IMO, unless you're selling the house, if you like it put it up there. It's easy to do and not very expensive. 

Just remember to put sizing on the wall before you hang the border. It will make it very easy for you or someone else when it's time to take it down.

Just my 2 cents.


----------



## derf36 (Jul 4, 2009)

yep, wallpaper borders scream early '90's. Don't do it.... unless you really really really want to :no:


----------



## chrisn (Dec 23, 2007)

gma2rjc said:


> IMO, unless you're selling the house, if you like it put it up there. It's easy to do and not very expensive.
> 
> Just remember to put sizing on the wall before you hang the border. It will make it very easy for you or someone else when it's time to take it down.
> 
> Just my 2 cents.


 
I agree, it.s only out of style if you don't like it, also about PRIMING:whistling2: the wall first.


----------



## gma2rjc (Nov 21, 2008)

Sorry I didn't explain it very well. I meant the sizing used just before you apply the border to the wall. You can find it where the other wallpaper products are.


----------



## chrisn (Dec 23, 2007)

gma2rjc said:


> Sorry I didn't explain it very well. I meant the sizing used just before you apply the border to the wall. You can find it where the other wallpaper products are.
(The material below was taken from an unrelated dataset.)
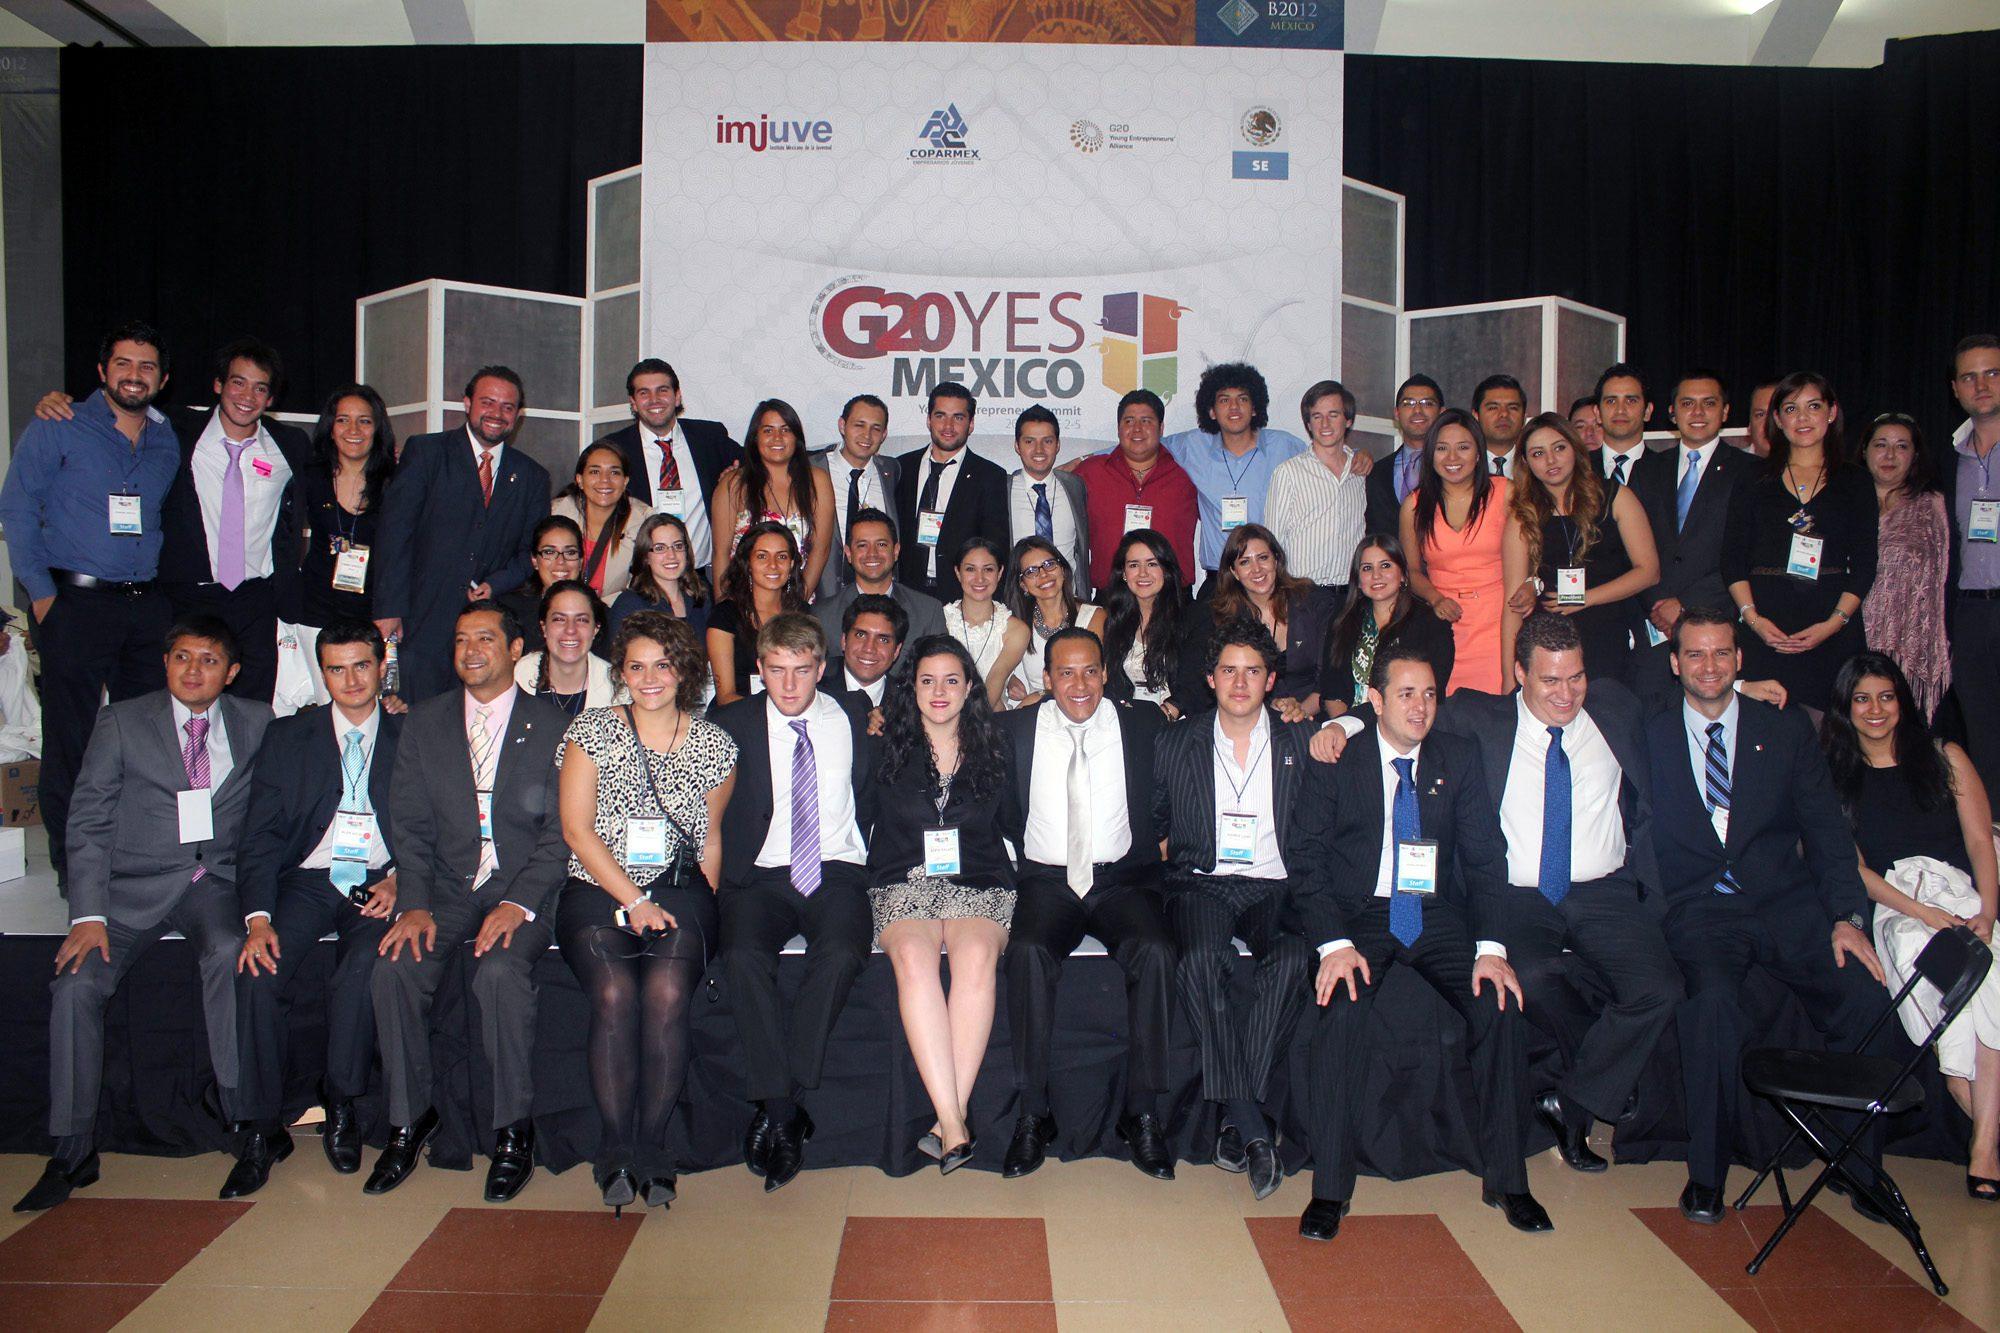 g20-mexico-2012-entrepreneurs-innovation-création-emplois-jeunes

You explained it OK, it's just that the term "sizing" is not actually used anymore. It refers to the practice of applying an animal glue(size) to plaster walls before the application of wall paper back in the 20's through 50's. Priming is the proper terminology these days( no more animal glue is used), especially with the newer drywall. Real plaster and drywall are now primed using specific primers made for paper hanging.Please use these products and not paint primers and removal of papers will never again be a problem.:no:


----------



## nerd_flanders (Aug 5, 2009)

GO for it!
Wallpaper borders are un used these days but I think they should be used more often .


----------



## diy'er on LI (Jul 6, 2009)

like others, I will say you should put on your walls what ever you want! It's your home and as such, should please YOU... 

are they a bit out of style these days, yep. But they're also very easy to remove if properly installed... so go for what you like!


----------



## Rose Duffy (Jul 30, 2009)

I agree, if you really love a wallpaper boarder then go for it... a more updated look however would be crown moldings. Of course they are in a whole different price range.


----------